Simply mention the term "dendritic cell subtypes" or "dendritic cell development" to some immunologists, or even dendritic cell (DC) biologists, and their eyes will glaze over. While it’s well accepted that this unique family of white blood cells kick-start the immune response, it can be quite difficult to sort the trash from the treasure in this controversial area.

I believe the high citation rate of this paper reflect my and Ken Shortman’s attempt to collate three decades of research in this area and present the DC lifecycle in a more digestible and logical format. We also highlight several new concepts that entice a rethink on the subject for those more involved in the area.

“This paper establishes a preliminary framework to consider the development of DC subtypes in more detail but with better context..”

This paper establishes a preliminary framework to consider the development of DC subtypes in more detail but with better context. We used evidence of i) organ location, ii) derivation from progenitors, iii) factor-dependency iv) presence in the steady-state versus inflammation, and v) representation in culture models, to make some broad definitions of the DC types and their development. Undoubtedly, there will be additional brushstrokes to this sketch in the future.

I often describe DCs as the "spies" or James Bond of the immune system. When they’re not in action, they’re "pacifying" some of the potentially dangerous female soldiers (T-cell tolerance to prevent autoimmune disease in the steady-state). But when activated, they take photographic snapshots (antigen presentation) of the invading enemy (infectious organism), jump into their Aston Martin (the lymphatics and bloodstream) back to the headquarters of the immune system (lymph nodes and spleen) and present their enemy dossier to the soldiers (T cells and B cells).

In this paper, we describe the different types of spies of the immune system, where they lie in wait for the enemy, and where they got their training. Some come from the "Roger Moore" school of training (steady-state resident pDCs, CD8+ and CD8– DCs), some from the "Sean Connery" school (migratory DCs) and others from the "Daniel Craig" school (inflammatory DCs). There may even be a "Pierce Brosnan" school not yet discovered—although that may be one we’d rather forget!

Through working in David Hume’s lab at the Institute for Molecular Bioscience at the University of Queensland, I became interested in antigen-presenting cells and the differences between macrophages and DCs. David is oft quoted saying "DCs are just macrophages, but without teeth." Along those lines, each DC subtype was regarded by many as simply a color in the myeloid rainbow but not a distinct lineage in their own right.

Previous work from Ken Shortman’s lab suggested otherwise, with evidence that the subtypes were "wired" differently and were distinct cell types. After I joined Ken’s lab at The Walter & Eliza Hall Institute (WEHI), our work dissected that different subtypes have distinct precursors, and not all are myeloid in origin.

As for problems, there were many. If you consider DCs are already one of the most rare cell types, imagine how infrequent their progenitors must be. In fact, I found out after the first one and a half years of my Ph.D. that my strategy to deplete irrelevant cells was removing DC precursors non-specifically. When I realized this, I threw my lab book in the bin and went to the pub with a close friend! On the following day at 1pm, red-eyed and unshaven, I started all over again with a different strategy.

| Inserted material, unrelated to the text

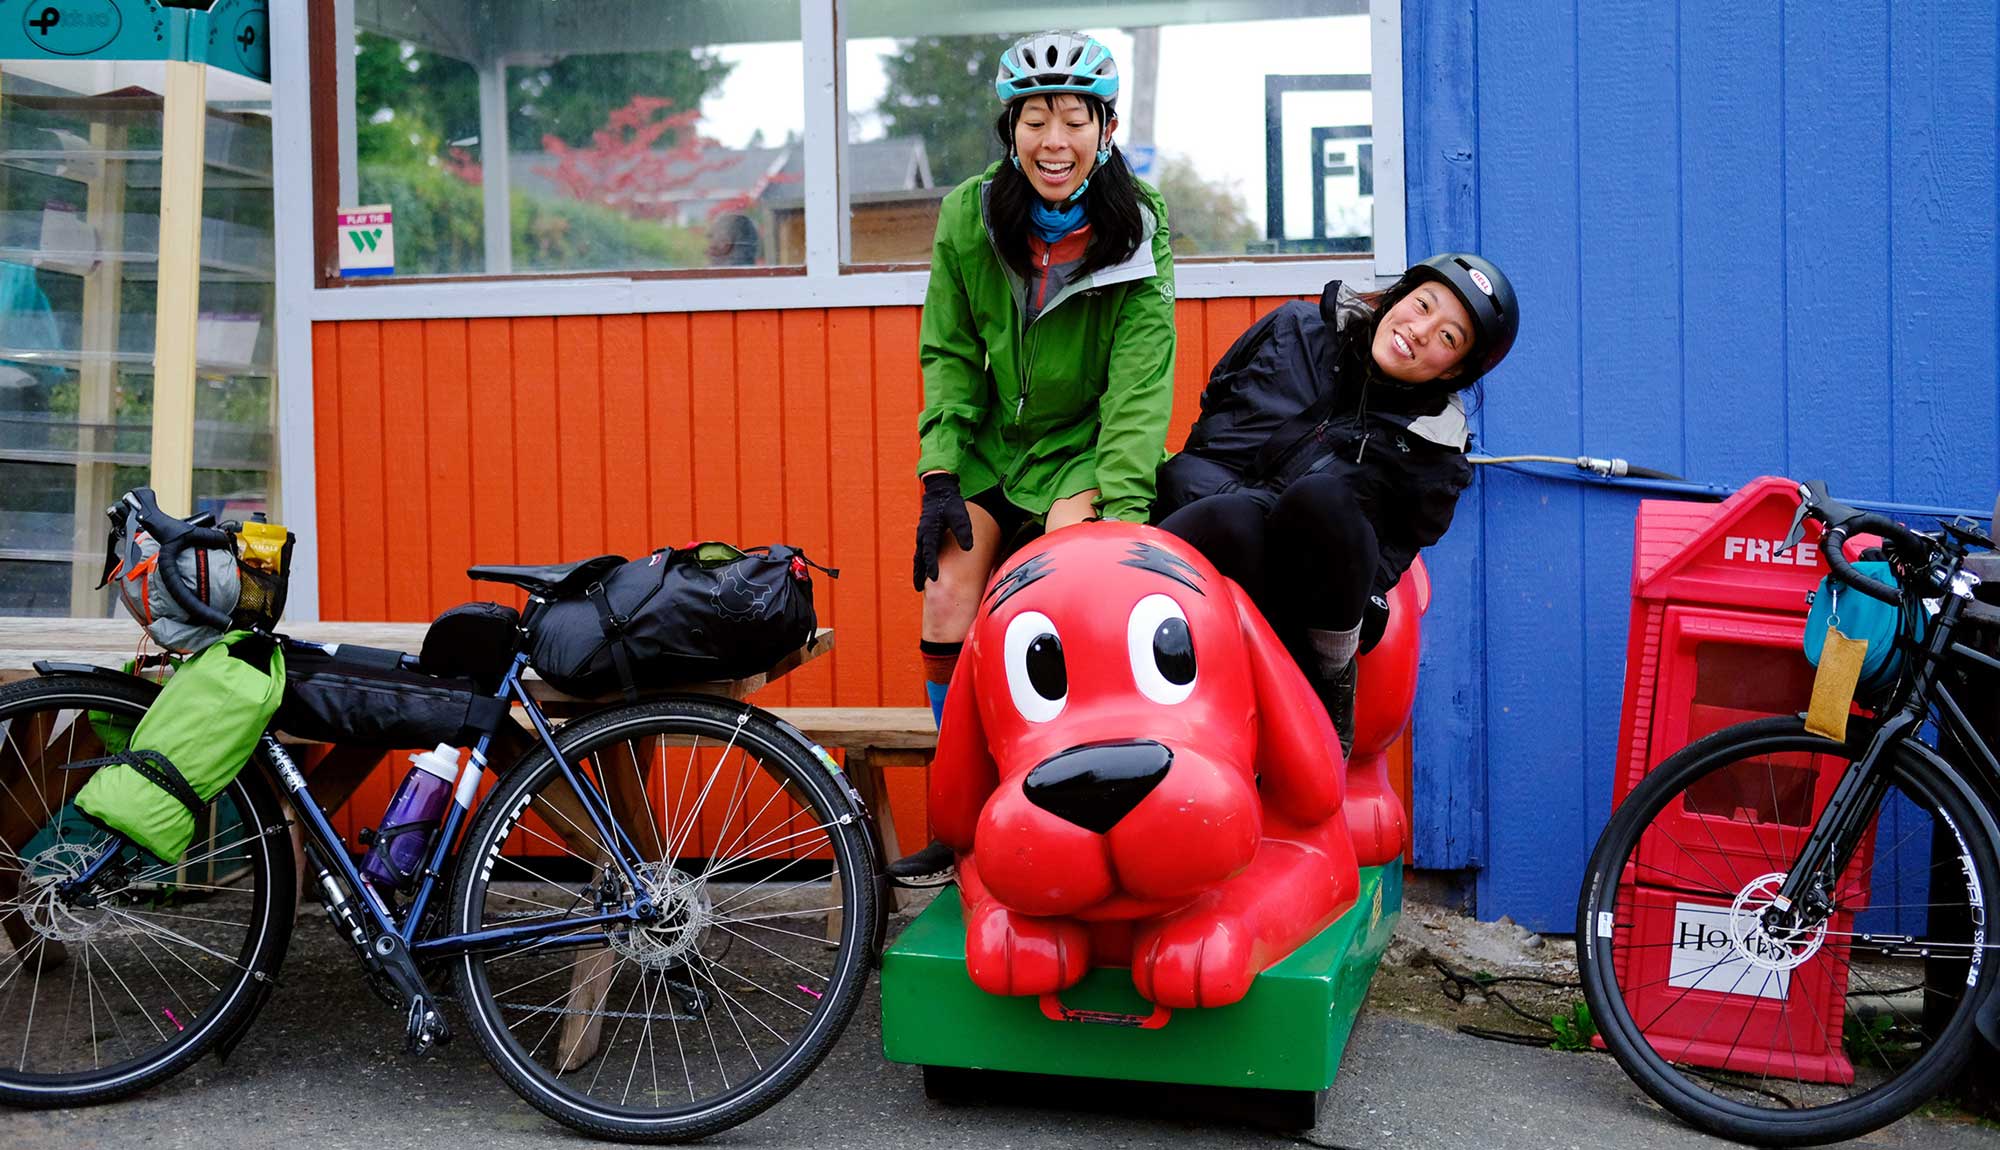 Two people in bike helmets grinning and riding a Clifford the Big Red Dog child's ride.

The DC subtypes and their development are still an enigma. It is clear that they can be derived from both myeloid and lymphoid routes, but they are the only cell type able to do this—why? Do DCs arrive in a continuous flux from the bone marrow, or develop within the organs themselves from long-term precursors?

What are the intrinsic and extrinsic factors involved in their development? Where do they fit into the haematopoietic map? Which subtype is important for which infection? Why do we need so many subtypes? What are the human equivalents of the mouse CD8+ and CD8– subtypes? More importantly, once the rules are established, which DC subtype will lead to a better application of this cell type in medicine?

Considering the power of DCs in initiating an immune response, many are attempting to train a patient’s DCs to fight cancer and infection. While this strategy has had mixed success, it certainly holds promise. In fact, Ralph Steinman, head of the Laboratory for Cellular Physiology and Immunology at Rockefeller University, who discovered DCs, was awarded this year’s Albert Lasker Award for Medical Research. This award is often considered the prelude to the Nobel Prize…so watch this space!